First, scientists learned to crack entire genomes. Now, they're ready for the next leap: determining the three-dimensional structure of each and every protein that an organism produces. The results of a pilot study show that such a mass approach to structural biology is feasible, provided researchers develop new techniques to speed up the process.
Traditionally, structural biologists have picked specific, interesting proteins and spent months or years solving their atomic structures. But just as DNA sequencing was scaled up dramatically in the 1990s, many researchers now hope to determine the structure of many proteins in parallel--a field dubbed "structural proteomics." Knowing the shape of every protein would yield new clues to their function and how they work, and ultimately provide thousands of potential new drug targets. Earlier this week, the National Institute of General Medical Sciences (NIGMS) announced that it would award nearly $150 million dollars to seven consortiums for a 5-year structural proteomics effort (ScienceNOW, 26 September).

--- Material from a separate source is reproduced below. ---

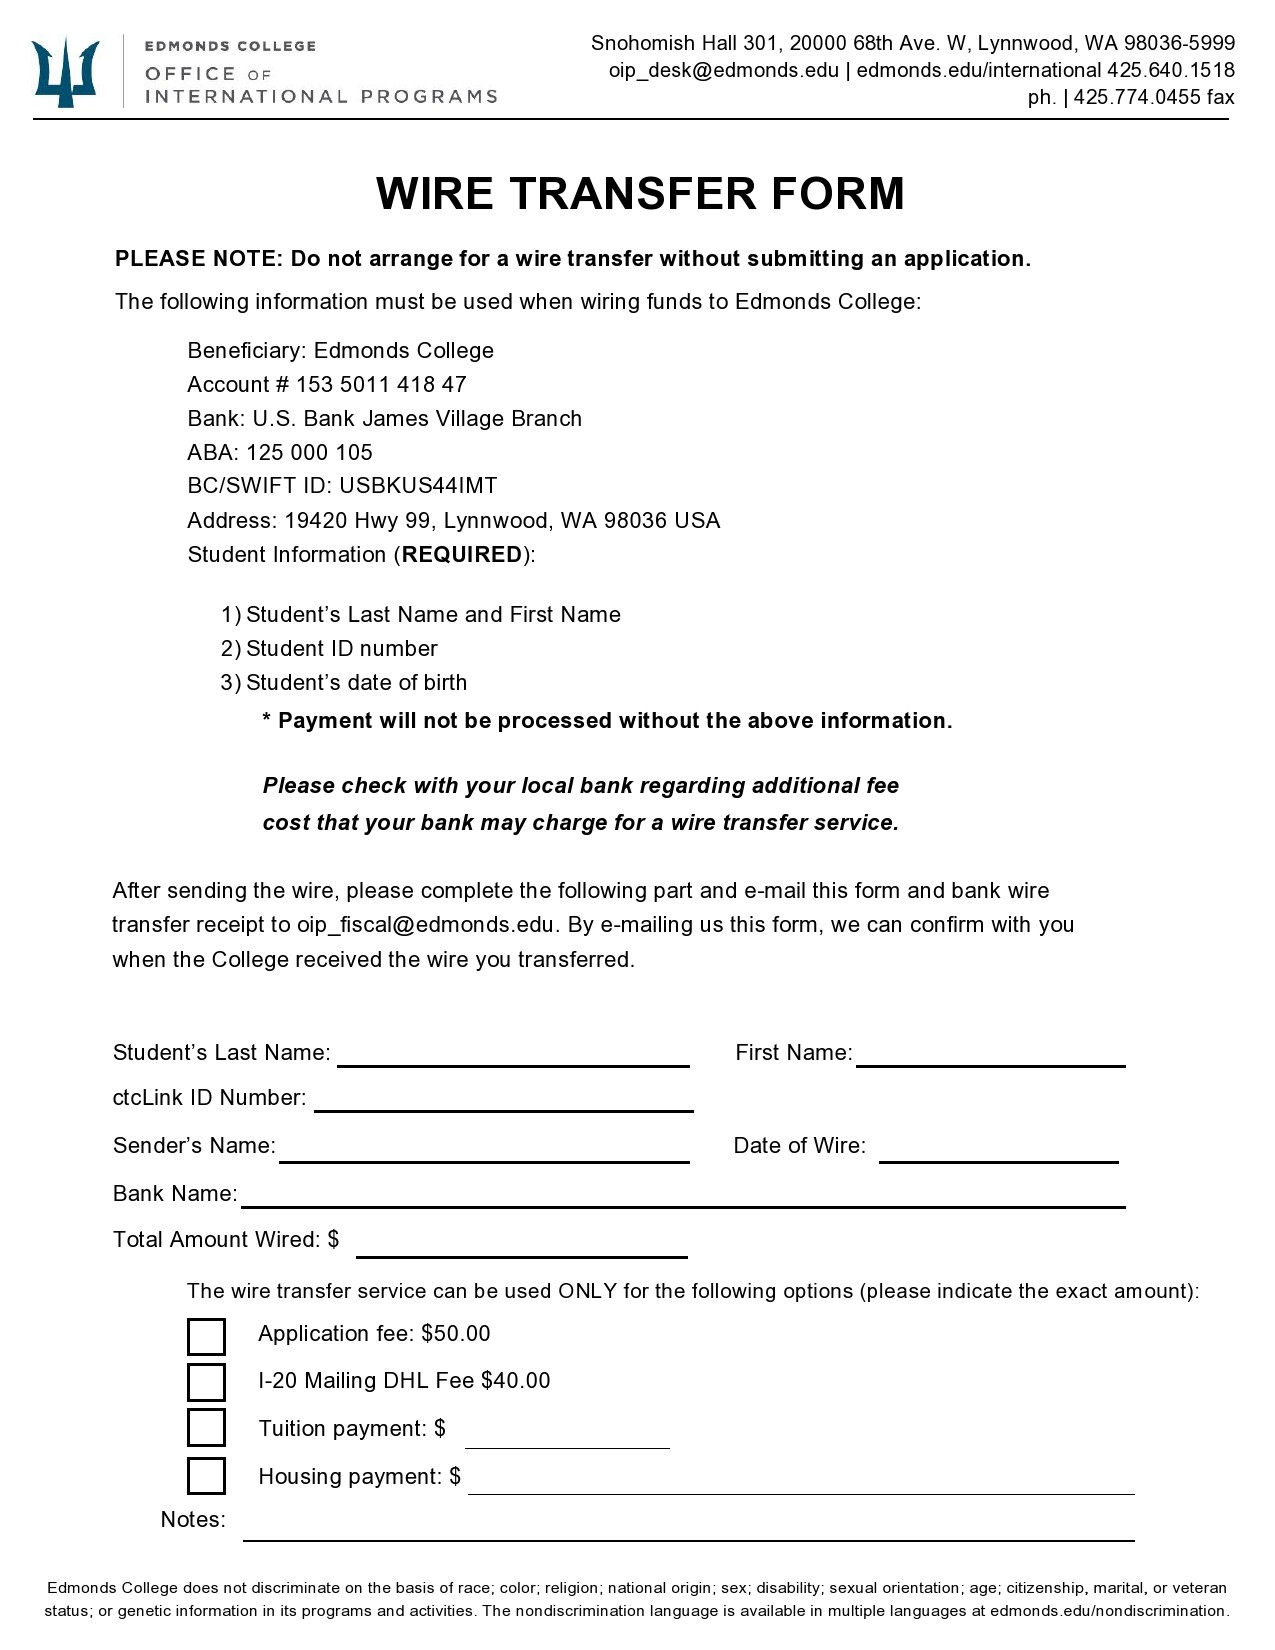 Free wire transfer form 15

In the October issue of Nature Structural Biology, a group headed by Cheryl Arrowsmith and Aled Edwards of the University of Toronto reports the results of a first quick-and-dirty attempt. They took a simple bacterium named Methanobacterium thermoautotrophicum and looked at a sample of 424 of its 1871 genes. For each, they tried to clone the gene and express it in a bacterium, purify and crystallize the protein, and determine its structure through x-ray crystallography or nuclear magnetic resonance spectroscopy.
For each of these steps, every protein has its own ideal set of conditions; but in its wholesale approach, the team used only a set of standard conditions, thus dropping many proteins in the process. Even so, they were able to determine the structure of 10 proteins in the time than it often takes to solve a single structure; for several of them, the structures provided clues to their function that were not apparent from the gene sequence alone. Many more structures could be determined, says Arrowsmith, if researchers develop automated techniques to determine and apply the best conditions for each protein. But the number of structures solved will be limited by access to expensive equipment such as high-energy x-ray sources, she says.
"They've shown the potential for solving a lot of structures very quickly," says Tom Terwilliger of Los Alamos National Laboratory in New Mexico. Now the question is how to prevent more proteins from dropping out along the way, he adds. Structural biologist Gaetano Montelione of Rutgers University in New Jersey agrees: "The results are valuable as a benchmark of what's possible," he says.